Like most startups, Drivezy began its journey with a monolithic architecture, built for a single offering in a single city. A single codebase solved most of their core business problems which included mostly customer verification, billing and payments. Things changed quickly as it moved into more cities and diversified the products.

The company has developed all its product requirements in-house. The key elements of technology include machine learning algorithms to optimise business processes, IoT network to monitor and manage operational vehicles, and website and mobile applications.

And the company has deployed a composite IoT system that feeds data inputs round the clock to track and analyse vehicle performance.

When customers sign up on Drivezy, the company is obliged to scan and verify their identity and driver’s license. In 2018, when new customer sign-ups shot up by 128%, it began using AI and machine learning to profile customers, verify their driver’s license, image validation of vehicles before starting and ending trips and OCR. And the machine learning algorithms that carry out the customer identity verification are written in Python.

Today, as a vehicle sharing platform with a presence in almost a dozen cities, Drivezy generates a considerable amount of complex data every day. And it uses analytics in almost all of its verticals of business, right from driving customer retention to all the marketing campaigns.

“We optimise our pricing algorithms on historical data and constantly tweak our products and offerings based on the results. We have also developed an analytics system that helps owners track their monthly earnings, bookings received, and status of their listed vehicle,” said Singh.

Employee And Customer Centricity

Being a startup with a highly modular operational structure that allows the company to innovate constantly, Drivezy always looks for people with a passion to achieve something big. Also, the company has an induction program that aims to acquaint every candidate with the details of other divisions in order to help the candidate develop a better understanding of our business and work in tandem.

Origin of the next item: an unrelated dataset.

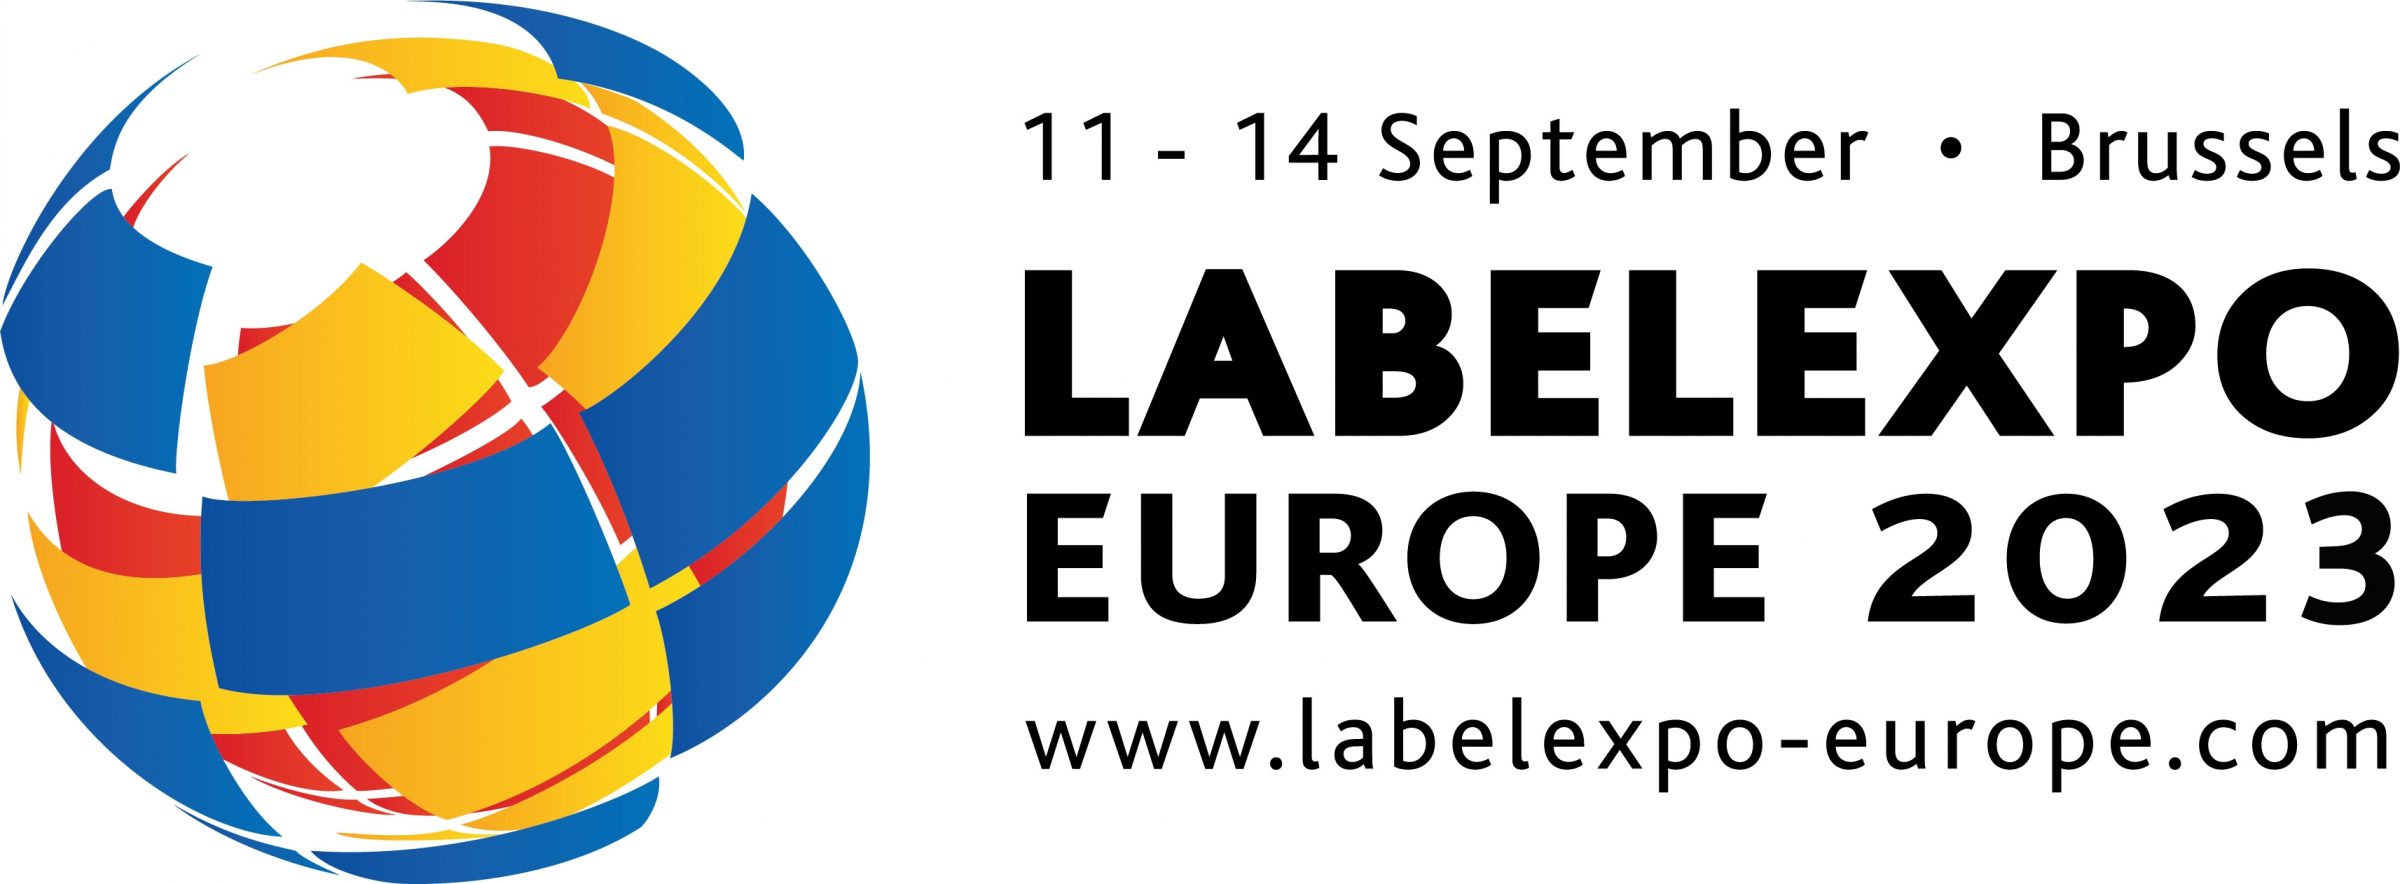 Labelexpo Europe 2023 Horiz Black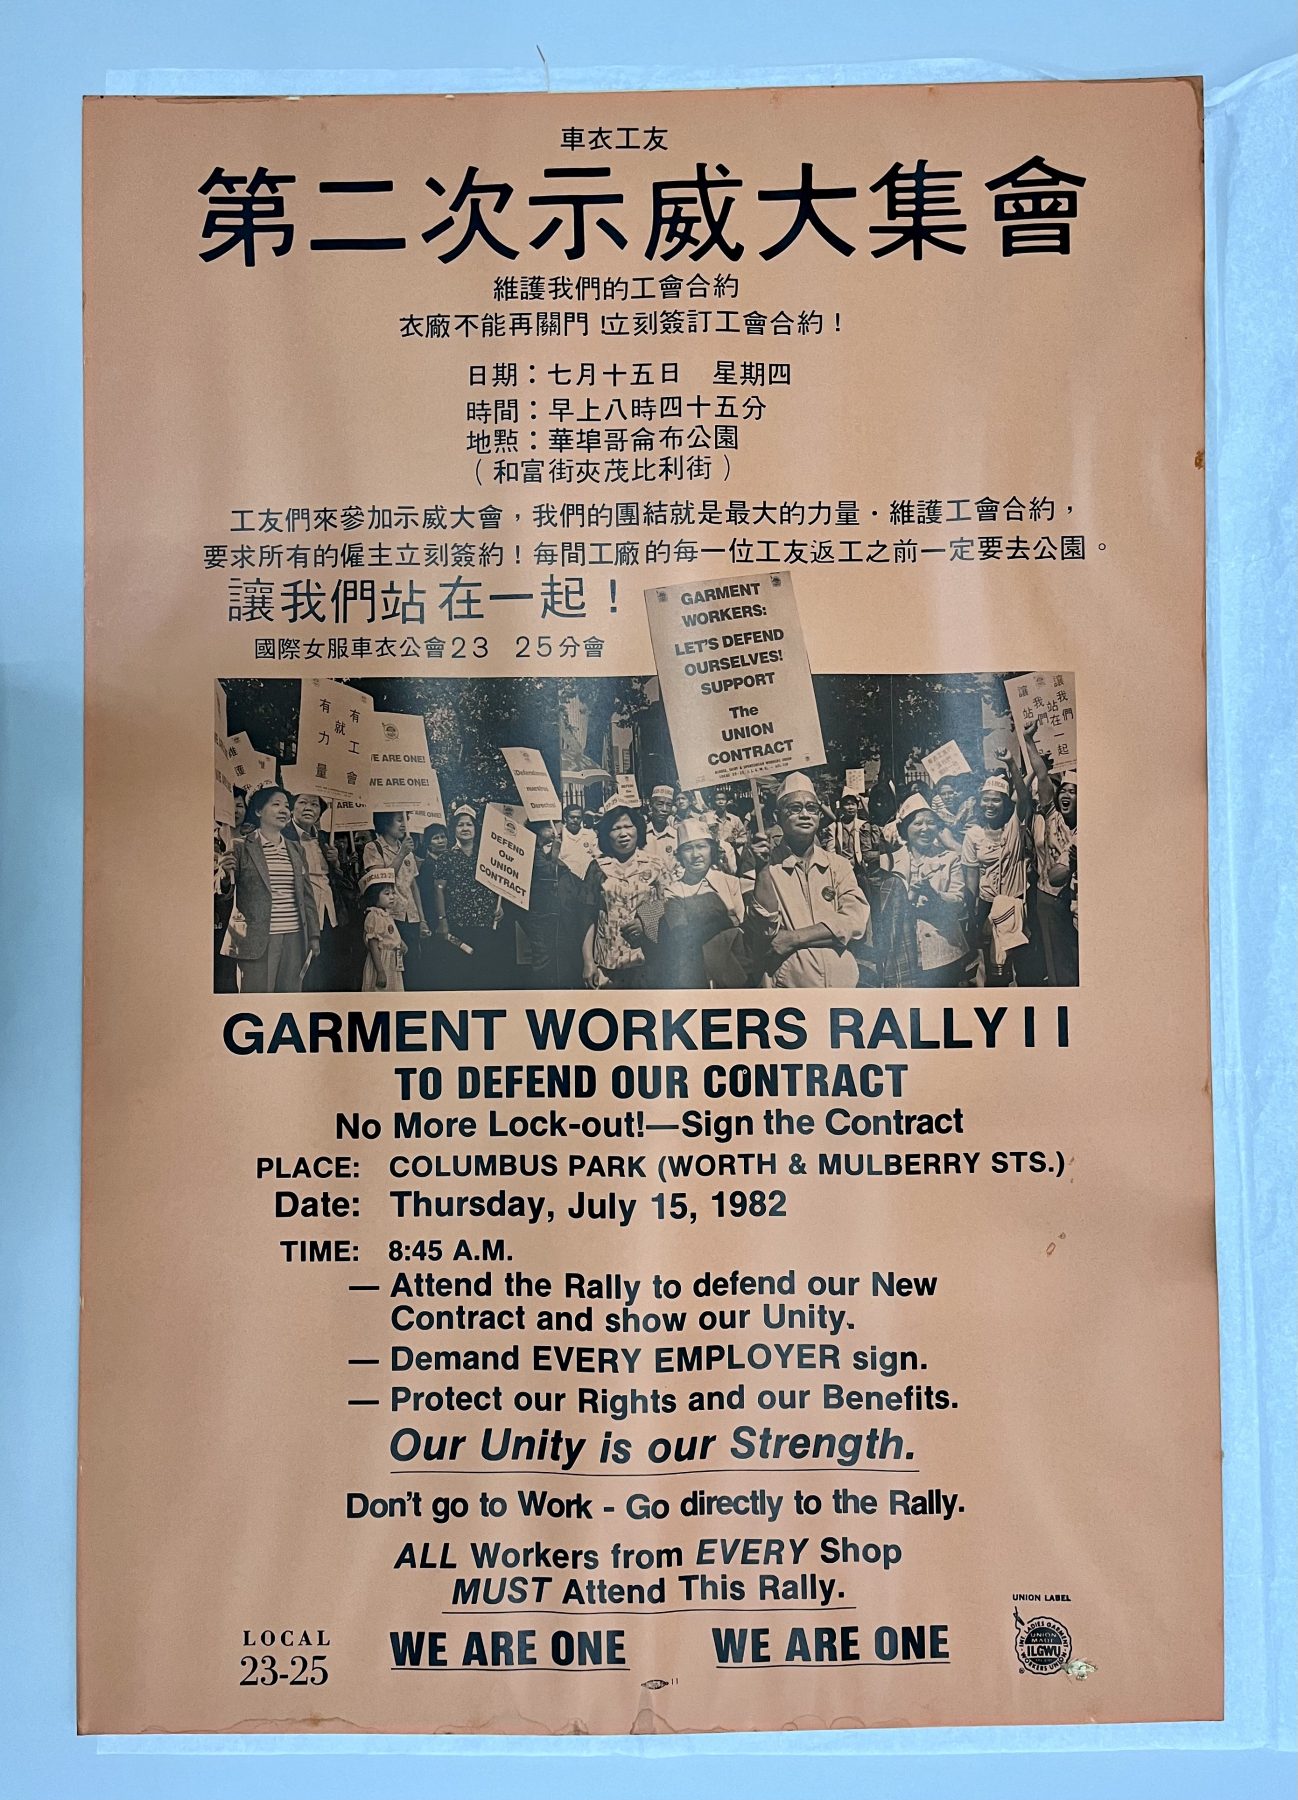 2010.040.027 服装工人集会海报，1982 年 7 月 15 日星期四。橙色背景黑色墨水字。 20 x 29 英寸。美国华人博物馆 (MOCA) 中国运动服工人社团馆藏。

“Our engineers have direct access to mentors at Google who guide the development of our core technology and integration of new features,” Singh added.

See Also

That is not all, since inception, Drivezy have maintained a customer-centric approach to creating a positive experience. When developing new products and services, the company make sure to take into account what customers actually need.

“To do this, we employ a dual strategy which includes – social listening and keyword analysis,”  said Singh. “First and foremost, we intensively monitor social media channels for mentions of our brand, products and competitors and any keywords relevant to our business. Keeping tabs on social media sentiment is a key element of our social listening process.”

This process of understanding how people feel about Drivezy and its service has always helped the company to keep its marketing and product development efforts on track.

The Roadmap Ahead

While other companies in the space are buying and deploying our own vehicles, Drivezy is providing a platform that links individual owners, vehicle dealerships and fleet owners to the end consumer. And it believes that this what set Drivezy apart in the industry today.

“Cars and bikes have always been frowned upon as they are depreciating assets and quite expensive. Drivezy challenges this notion by helping people monetise their idle vehicles,” Singh concluded.

Looking into the future, the company is looking to expand its reach overseas — it is going launch a car sharing pilot in the US next month and hopes to follow it up with more countries in South East Asia.

In terms of technology, Drivezy is upgrading its entire fleet with keyless IoT devices that would allow customers to unlock their vehicles through the Drivezy app. Subsequently, it is also planning to launch a one-way rental service for both cars and bikes, allowing customers to pick and drop their vehicles at any of its parking locations.